[Stored entries]
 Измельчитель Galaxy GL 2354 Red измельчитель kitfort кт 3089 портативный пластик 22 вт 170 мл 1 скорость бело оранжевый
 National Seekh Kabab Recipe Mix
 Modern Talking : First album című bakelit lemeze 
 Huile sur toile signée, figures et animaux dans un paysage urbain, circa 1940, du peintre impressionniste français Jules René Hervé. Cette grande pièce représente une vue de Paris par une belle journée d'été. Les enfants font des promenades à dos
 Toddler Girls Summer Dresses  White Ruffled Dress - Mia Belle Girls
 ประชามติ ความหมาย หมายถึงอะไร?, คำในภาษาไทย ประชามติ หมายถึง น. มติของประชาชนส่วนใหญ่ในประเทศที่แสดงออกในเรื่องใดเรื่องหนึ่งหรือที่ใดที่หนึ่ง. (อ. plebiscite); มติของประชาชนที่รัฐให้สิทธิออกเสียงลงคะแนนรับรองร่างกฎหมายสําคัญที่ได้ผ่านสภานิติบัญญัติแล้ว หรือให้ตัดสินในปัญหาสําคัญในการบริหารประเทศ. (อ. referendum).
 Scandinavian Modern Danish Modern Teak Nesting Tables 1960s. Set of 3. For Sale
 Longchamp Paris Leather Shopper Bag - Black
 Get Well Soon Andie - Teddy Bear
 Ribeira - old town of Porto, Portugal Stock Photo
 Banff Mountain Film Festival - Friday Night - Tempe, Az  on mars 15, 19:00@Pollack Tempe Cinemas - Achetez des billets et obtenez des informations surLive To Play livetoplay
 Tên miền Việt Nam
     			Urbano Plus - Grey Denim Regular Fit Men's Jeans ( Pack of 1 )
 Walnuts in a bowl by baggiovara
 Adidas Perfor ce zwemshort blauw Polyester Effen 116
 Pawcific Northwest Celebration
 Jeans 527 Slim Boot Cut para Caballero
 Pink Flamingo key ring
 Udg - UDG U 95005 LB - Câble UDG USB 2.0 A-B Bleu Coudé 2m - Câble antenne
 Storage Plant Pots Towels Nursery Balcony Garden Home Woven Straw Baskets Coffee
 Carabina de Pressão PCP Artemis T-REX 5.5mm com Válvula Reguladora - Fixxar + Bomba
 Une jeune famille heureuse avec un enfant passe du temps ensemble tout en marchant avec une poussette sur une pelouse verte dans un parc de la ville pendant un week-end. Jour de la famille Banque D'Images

WHAT YOU WILL DO
Would you give the number of lines of the data that include the string "Jeans"? Nothing else is wanted.

ANSWER AREA
2